Task details ▸
Only one stretch of the data should be retyped: the lines from the line containing "THEMOIRè Bag Themoiré" through the line containing "The name game". Keep pictures out of it.

Material provided ▸
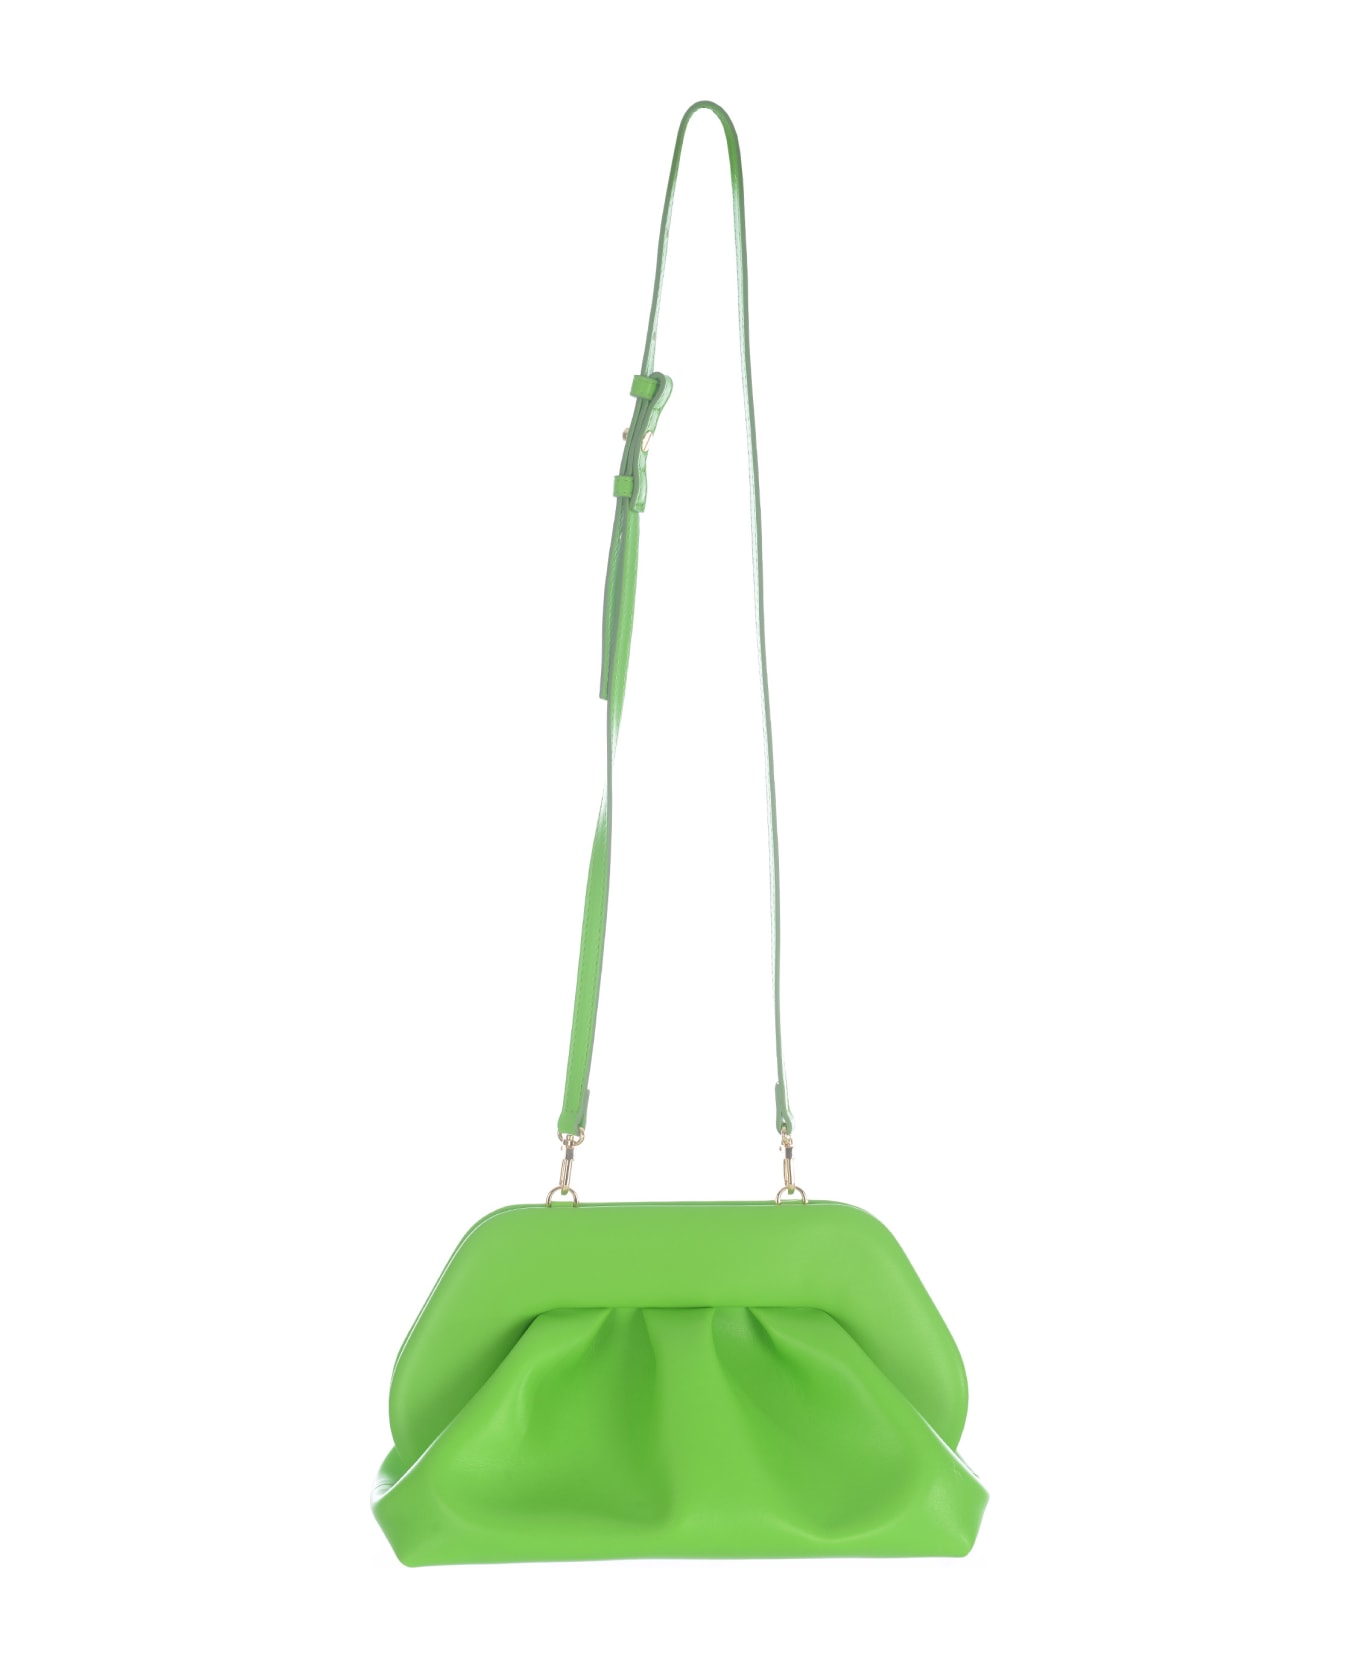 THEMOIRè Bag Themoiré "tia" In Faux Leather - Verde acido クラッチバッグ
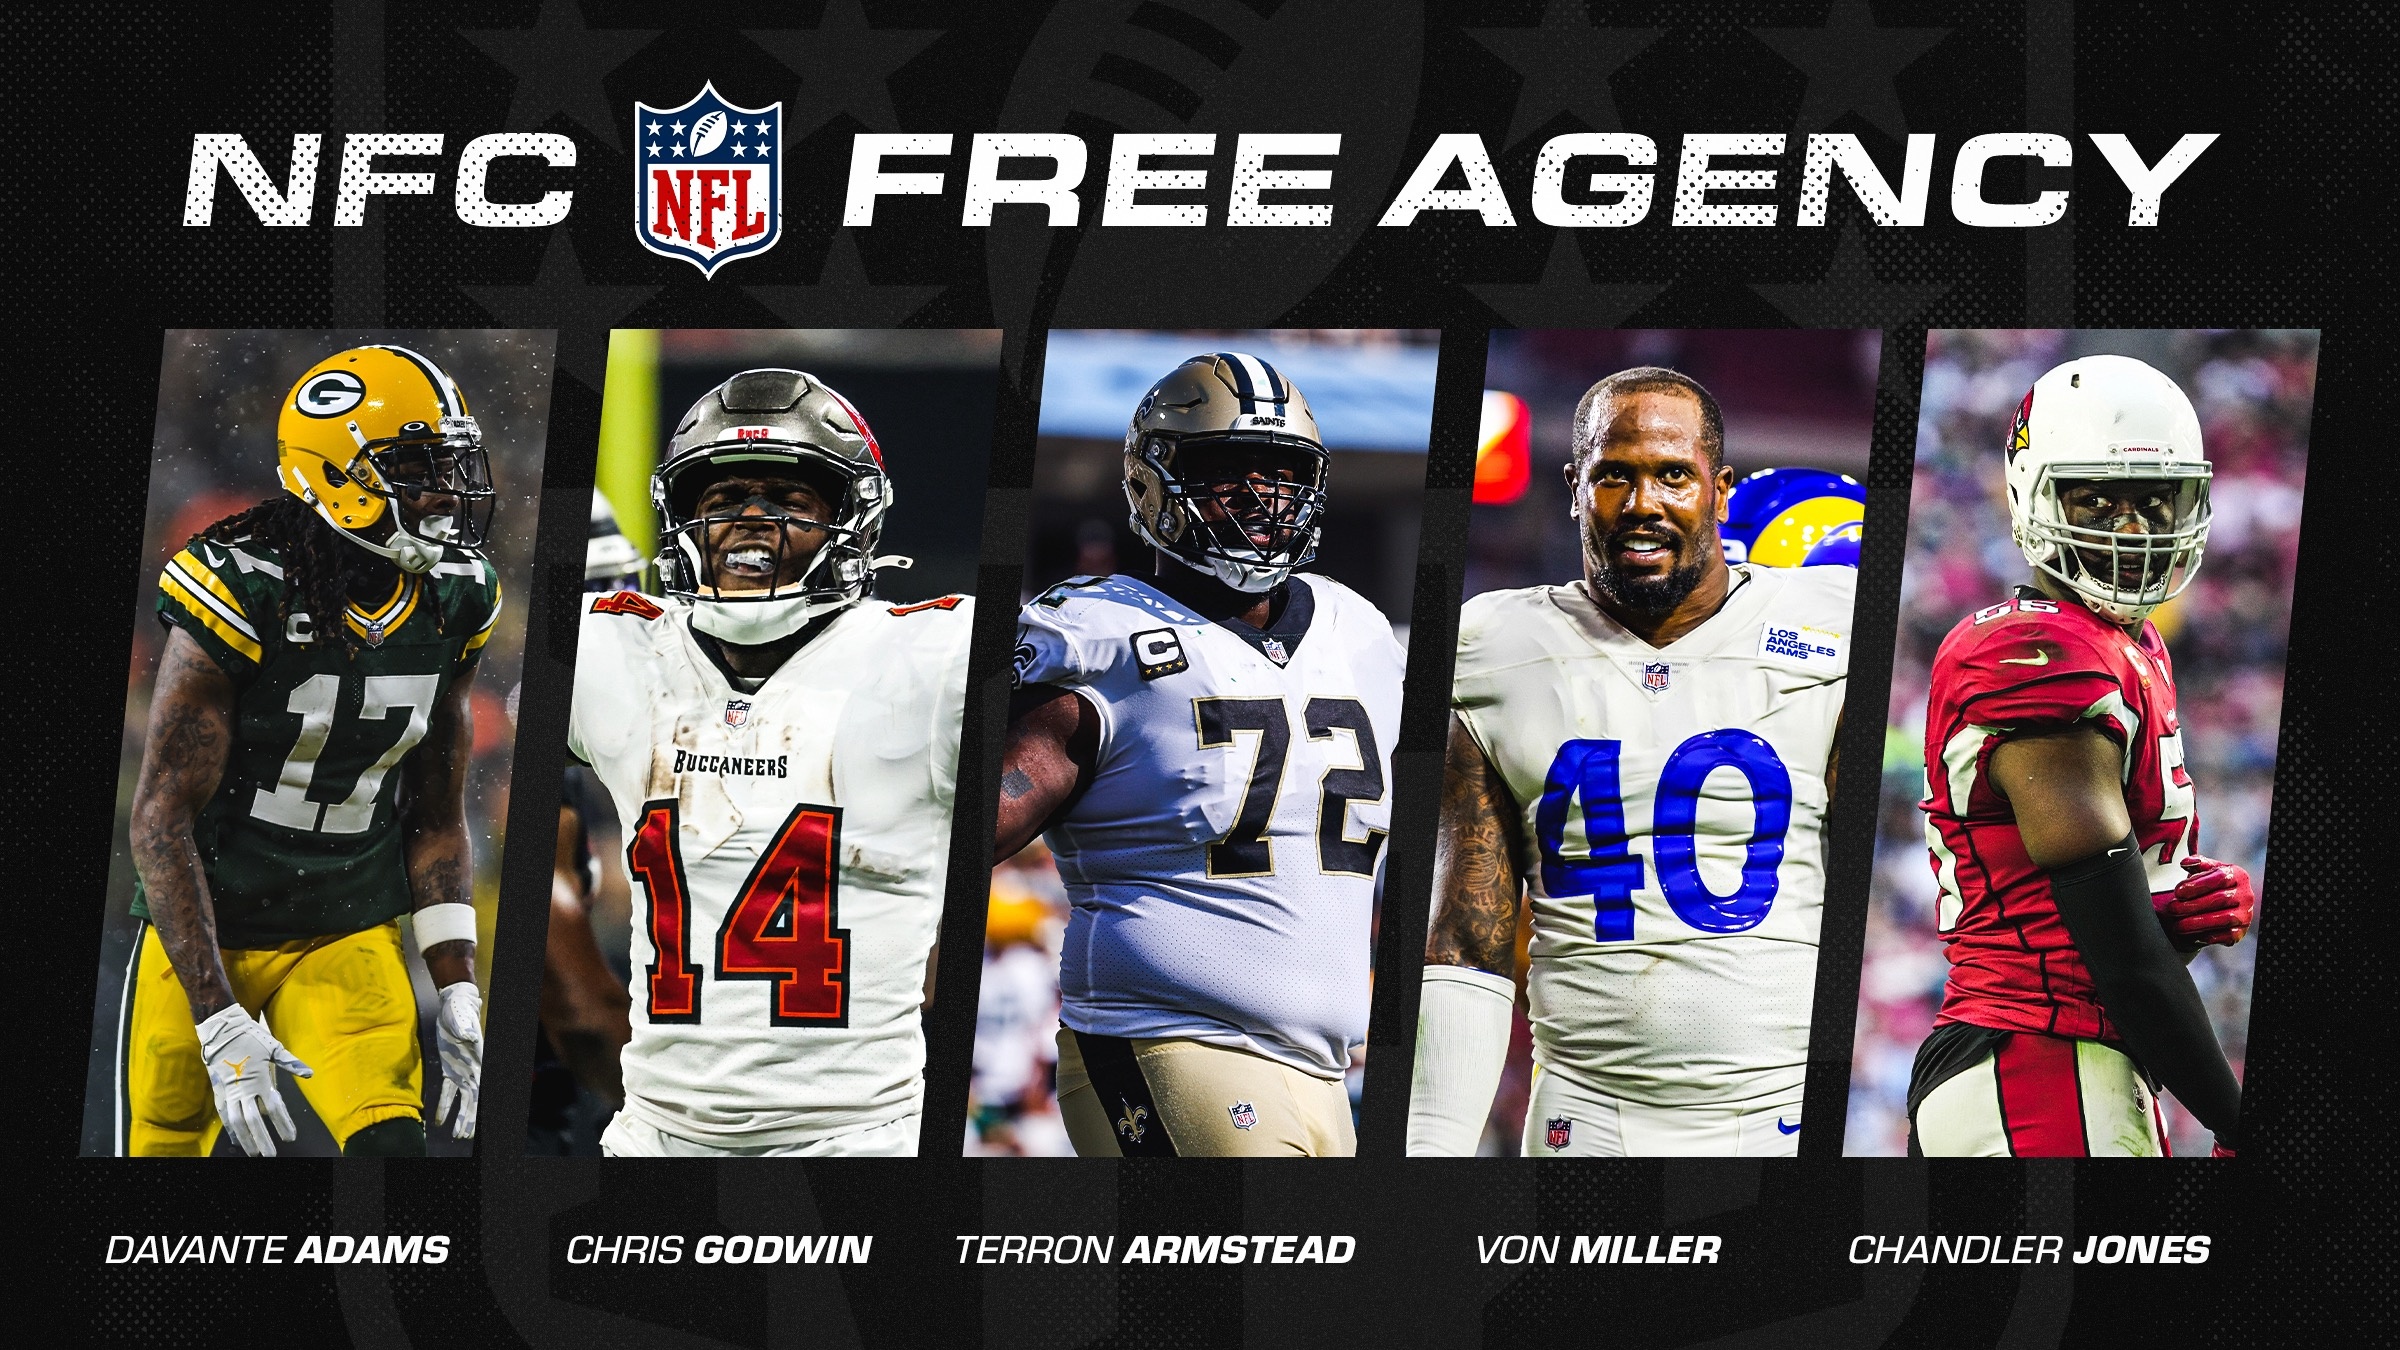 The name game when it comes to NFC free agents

* * *

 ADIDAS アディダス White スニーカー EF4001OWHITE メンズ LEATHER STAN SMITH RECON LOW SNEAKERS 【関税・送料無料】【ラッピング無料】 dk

--

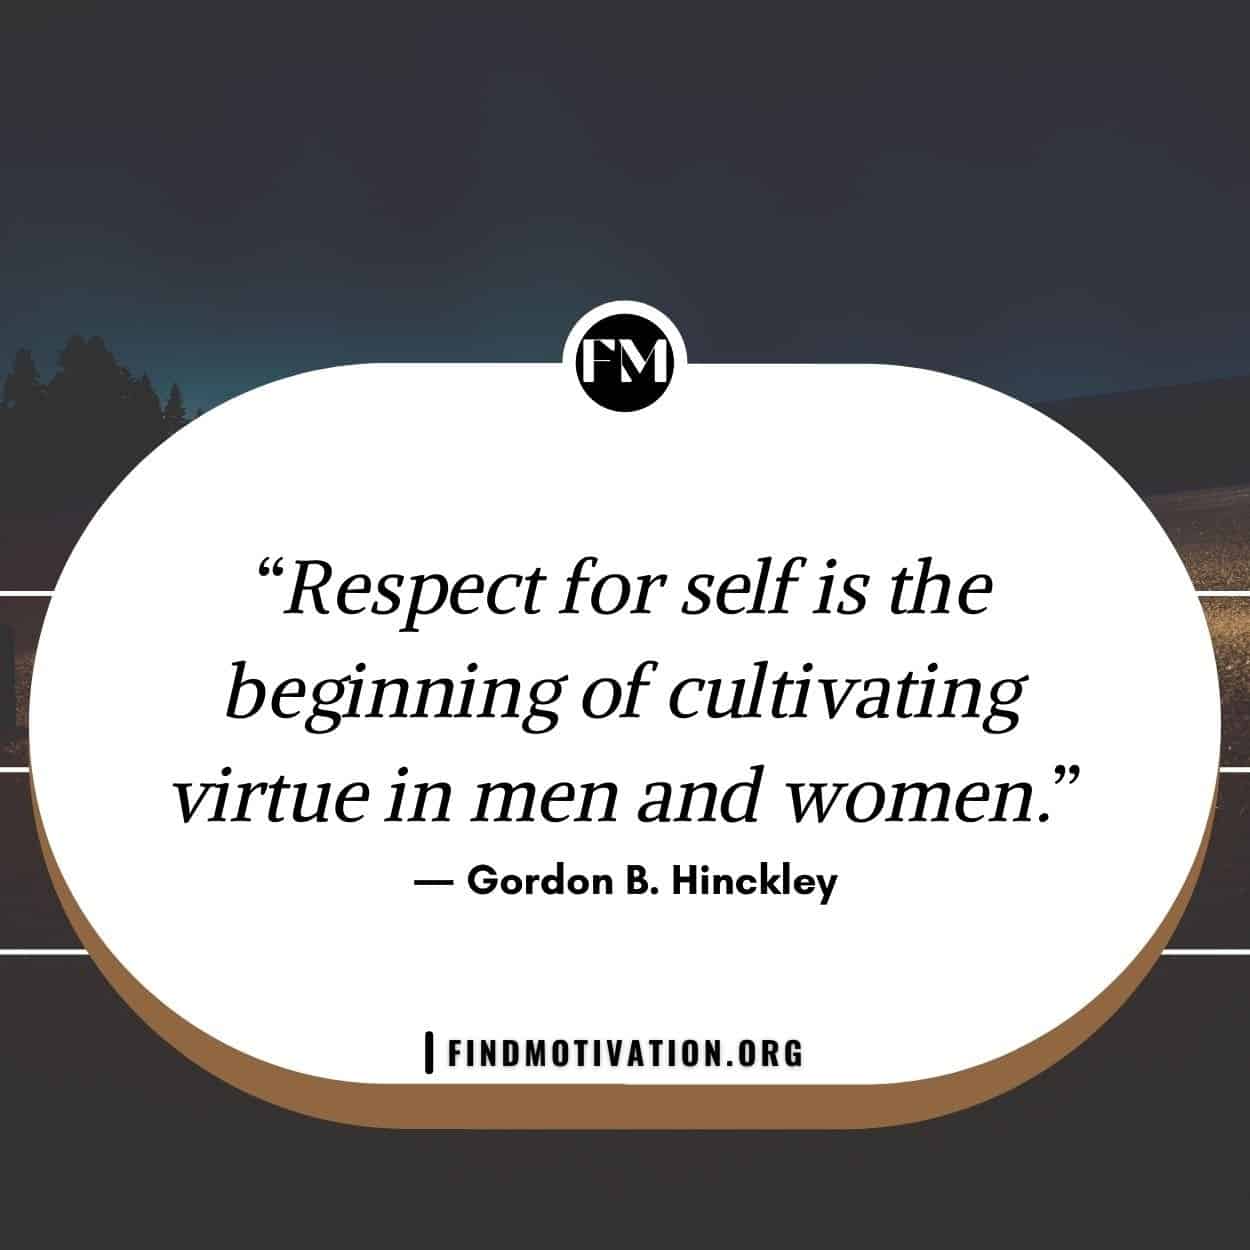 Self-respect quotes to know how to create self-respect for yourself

The answer ▸
 THEMOIRè Bag Themoiré "tia" In Faux Leather - Verde acido クラッチバッグ
 The name game when it comes to NFC free agents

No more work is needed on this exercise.